Divorce is a confession of failure in Love's supreme undertaking. No two Christians, who have caught and kept alive the Spirit of Love in the married state, ever were or ever will be, ever wished to be or ever can be, divorced. No one Christian who has the true Christian Spirit of Love toward husband or wife will ever seek divorce unless it be under such circumstances of infidelity or brutality, neglect or cruelty, as render the continuance of the relation a fruitless casting of the pearls of affection before the swinishness of sensuality. The determination of the grounds on which divorce shall be granted belongs to the sphere of the state, and is a problem of social self-protection. The Christian church makes a serious mistake when it spends its energies in trying to build up legal barriers against divorce. Its real mission at this point is to build up in the hearts of its adherents the Spirit of Love which will make marriage so sweet and sacred that those who once enter it will find, as all true Christians do find, divorce intolerable between two Christians; and tolerable even for one Christian only as a last resort against hopeless and useless degradation. To translate Christ's Spirit into the life of the family is a much more Christian thing to do than to attempt to enact this or that somewhat general and enigmatical answer of His into civil law. It is generally a mistake, a departure from the Spirit of the Master, when the Christian community as such turns from its specific task of positive upbuilding of personality to the legal prohibition of the things that are contrary to the Christian Spirit. Laws and prohibitions, statutes and penalties against drunkenness, Sabbath-breaking, theft, murder, gambling, and divorce, we must have. But those laws and penalties are best devised and enforced by the state, as the representative of the average sentiment of the community as a whole, rather than by the distinctively Christian element in the community, which in the nature of things is very far above the average sentiment. Undoubtedly the Christian Spirit is the only force strong enough to save the family from degeneration and dissolution in this intensely individualistic, independent, materialistic, luxurious age. But we must rely mainly on the Spirit working within, not on a law imposed from without; on the healing touch of the gentle Master, not on the hasty sword of the impetuous Peter.
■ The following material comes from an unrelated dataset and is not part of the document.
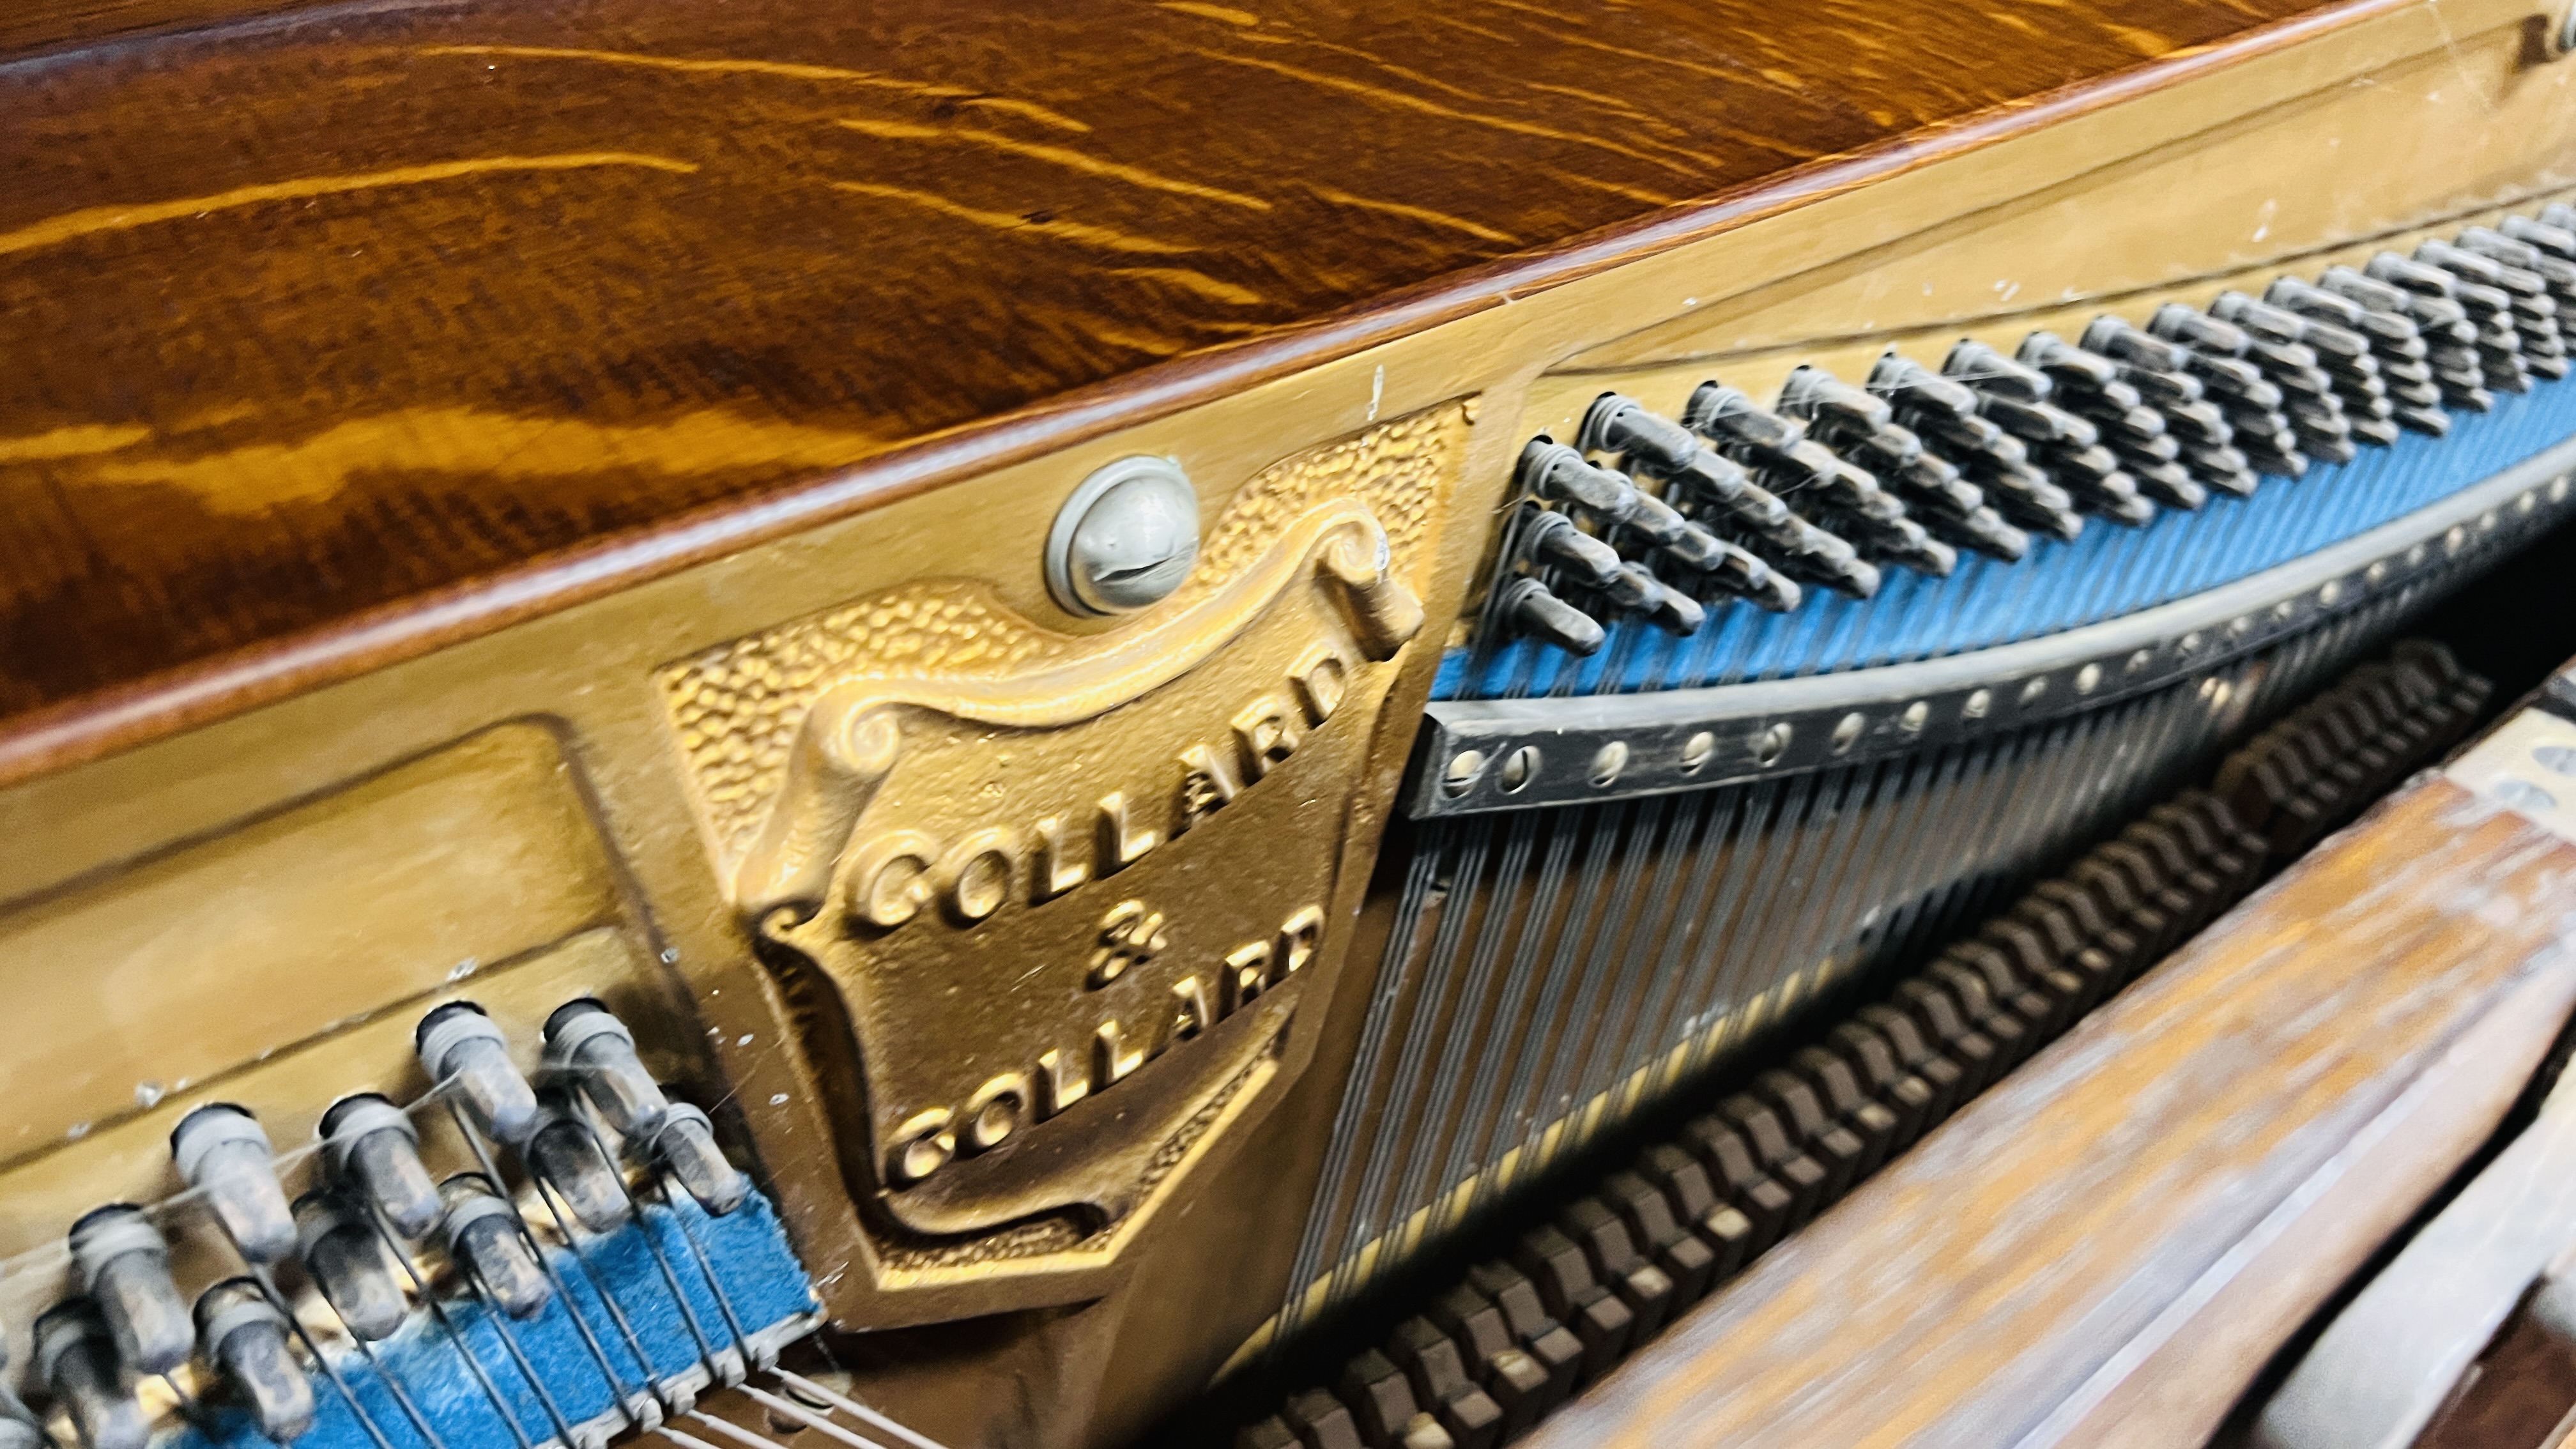 A VINTAGE OAK ARTS AND CRAFTS PIANO WITH ORIGINAL MAKERS LABEL COLLARD & COLLARD HOLDER BROS. - Image 11 of 12

"It was said also, Whosoever shall put away his wife, let him give her a writing of divorcement; but I say unto you, that every one that putteth away his wife, saving for the cause of fornication, maketh her an adulteress; and whosoever shall marry her when she is put away committeth adultery."
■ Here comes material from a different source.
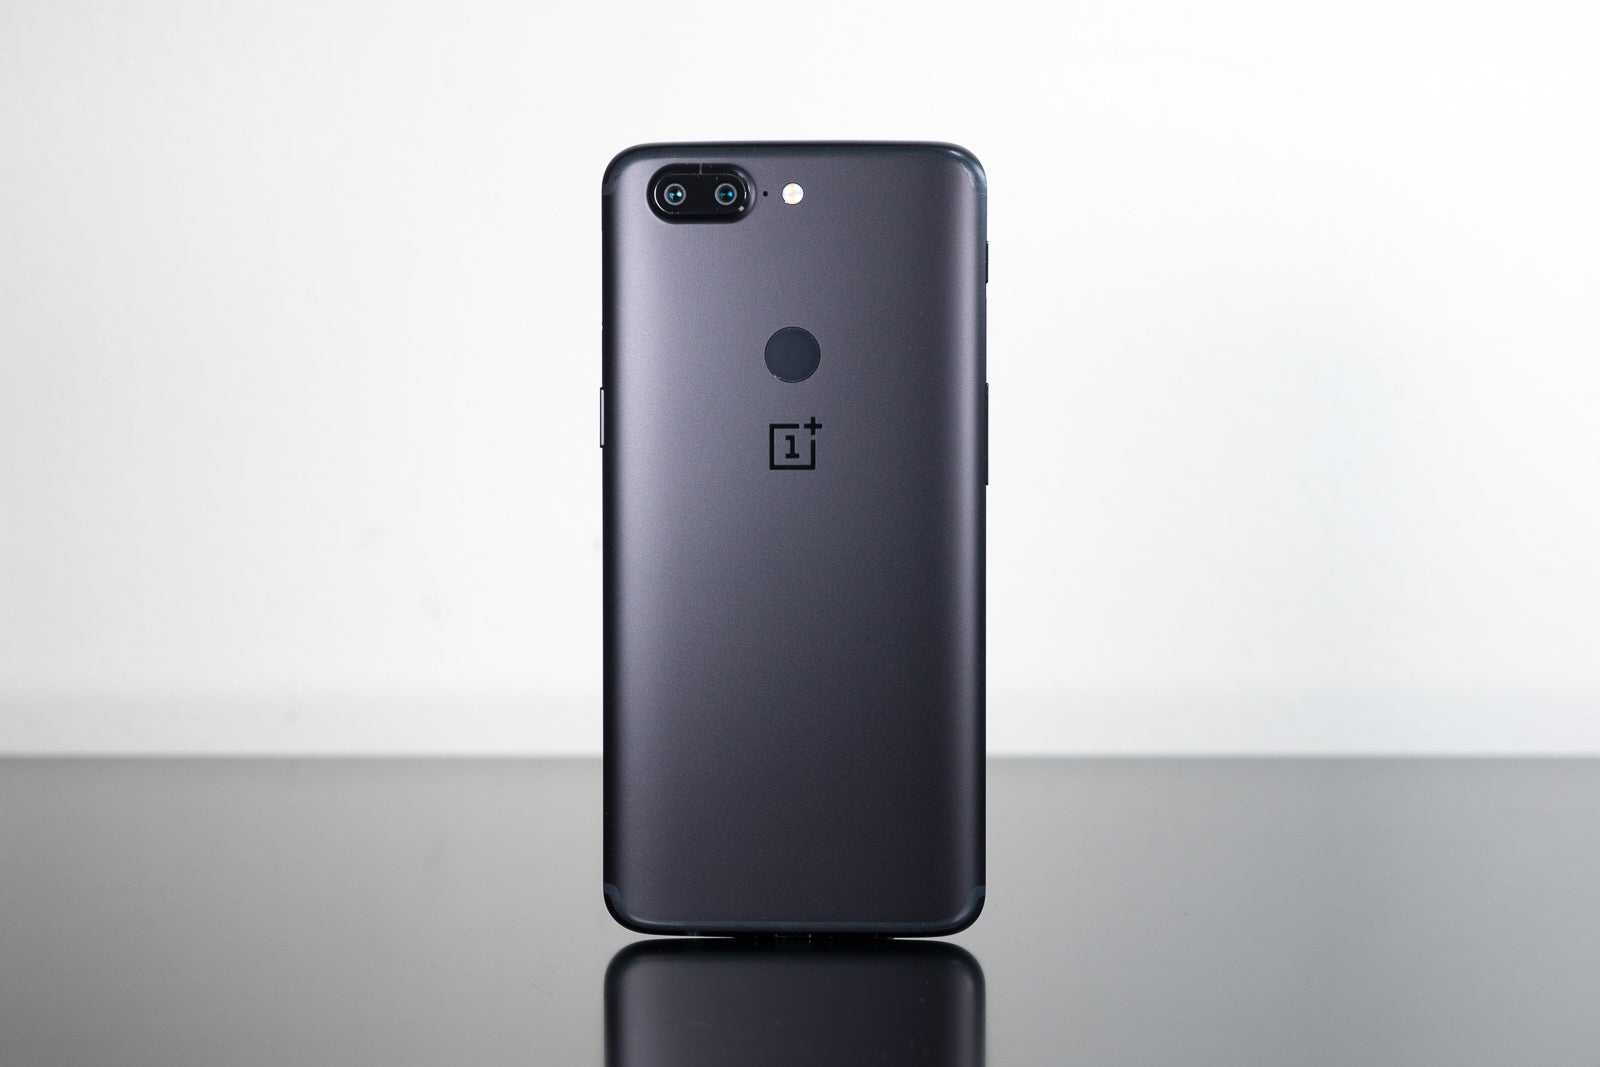 OnePlus 5T gets new update with improvements to photo quality, camera app, face unlock, and more

Love fulfils at once the law of truth-telling and the law against swearing; for words spoken in Love need no adventitious support. The appeal to anything outside one's self, and one's simple statement, is clear evidence that there is no Love, and therefore no truth within. Love has no desire to deceive, and hence no fear of being disbelieved. To back up one's words with an oath is to confess one's own lack of confidence in what one is saying, and to invite lack of confidence in others. Anything more than a plain statement of fact or feeling comes out of an insincere or unloving heart. Of course here, as in the case of divorce, what is the obvious and only law for the disciple of Jesus may or may not be wise for the civil authorities to enact into law and impose upon all. If the state and the courts think an oath helpful, the sensible Christian usually will conform to public custom and requirement; even though for him the practice is superfluous and meaningless.